Once you “complete” the email, don’t send it, of course. Instead, paste it over to your word document and start working from this excellent content you created! Elaborate a little, add a heading and subheadings, separate paragraphs into 3-5 sentence maximums, and voila! 

Strategy #2 – Pick Up An Old-School Pencil And Paper

Some magic happens when we shut our laptops and pick up a wooden pencil and actual paper. Sometimes an ol’ legal pad and a favorite writing tool ignite creativity, ideas, and words more than you ever dreamed, especially if you’re a little old-school like me. 

Mindmapping is a technique where you draw what might resemble a burst of sunshine on the page with your main topic circled in the center and lines drawn outward from the circle. At the end of the sunshine rays, start to scribble out your talking points, details, do’s and don’ts, examples, and other ideas all around the main topic. When you have no more thoughts on the subject, you’re ready to convert these mind-mapped rays of sunshine into a blog post. 

The term brainstorming is used loosely and can describe any specific technique, but I use it to describe what some may call a braindump. A braindump is where you write freeform, every word, phrase, half-sentence, bullet, name, and place that comes to mind on a specific topic. Much like mind mapping, you write until you have nothing left to say. When you’re done, you have all your ideas related to a subject on a sheet of paper, and you can use that as a guide for writing your blog post. 

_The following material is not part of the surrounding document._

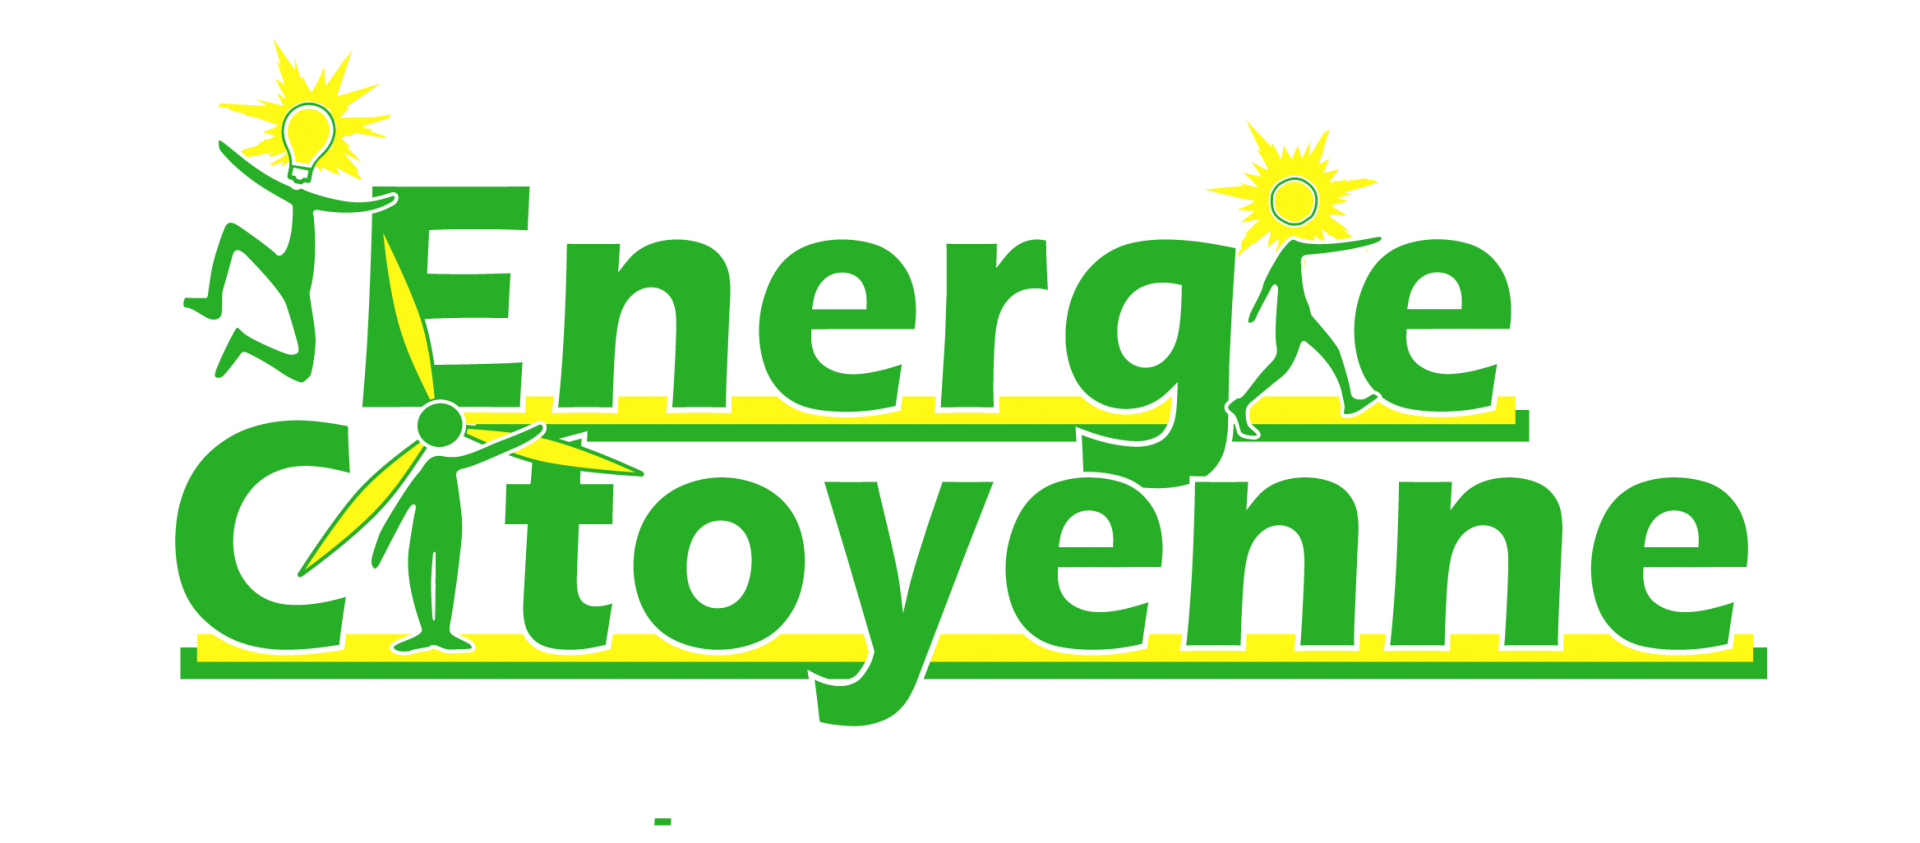 Logo energie citoyenne

In both of these techniques, the words and half-thoughts on the page might not make any sense to anyone except you. Remember, there’s no reward for the “Most Organized Blog Writer” or “Most Beautiful Blog Outline,” so keep your self-judgment at bay and allow the ideas and creativity to flow. 

To write a blog post, you need words that make sense together and communicate your topic clearly, remember? Now you have words on a page, so all you have to do is group them into paragraphs, and boom, you have a blog post!

Strategy #3 – Use A Voice Memo To Talk Through Your Idea

I tend to have my best ideas for a blog post when I’m not at a computer or in the middle of something else (maybe at the park or an event with my kids) and unable to start writing a blog post. 

At these moments, whip out your phone and use the voice memo feature to record yourself talking through the topic. Record answers to common questions you’ve been answering lately, take a fresh angle on a topic that recently caught your attention, or share something you wish you knew when you were a syndication newbie. 

I’m always replaying conversations in my head – what I should have said, what I wish I said, a great question to ask would have been______.  Use the voice memo tool on your phone to record such thoughts. Then, the next time you feel pressure to produce a blog post, you already have a voice memo as inspiration. 

Voice memos are also a fantastic tool for capturing your thoughts because you can capture words you actually say in real life. As mentioned above, this is valuable for creating relatable, non-robotic, memorable posts. 

Conclusion

I highly suggest you give each of these techniques a shot and do your best to have an open mind when it comes to your content creation techniques so you can see what works best for you. 

If you still feel stuck, step away (outside if possible), drink a large glass of water, and take at least 3 deep breaths to encourage a mental and physical reset. Oxygen and hydration do wonders for your brain and body in all situations, and it’s no different when it comes to writing. 

Before you go, let’s circle back to that negative inner voice. The one that tells you you aren’t a good writer, reminds you that you didn’t excel in English class, or teases that you were never the best reader. Quiet that nagging inner voice for good with this: The BEST website content is written at or below an 8th-grade reading level. 

Over 50% of Americans, even the most accomplished and decorated, have a reading level hovering around the 8th grade. So, release the pressure off your shoulders, try out these three strategies for overcoming writer’s block, and rest assured you CAN do this!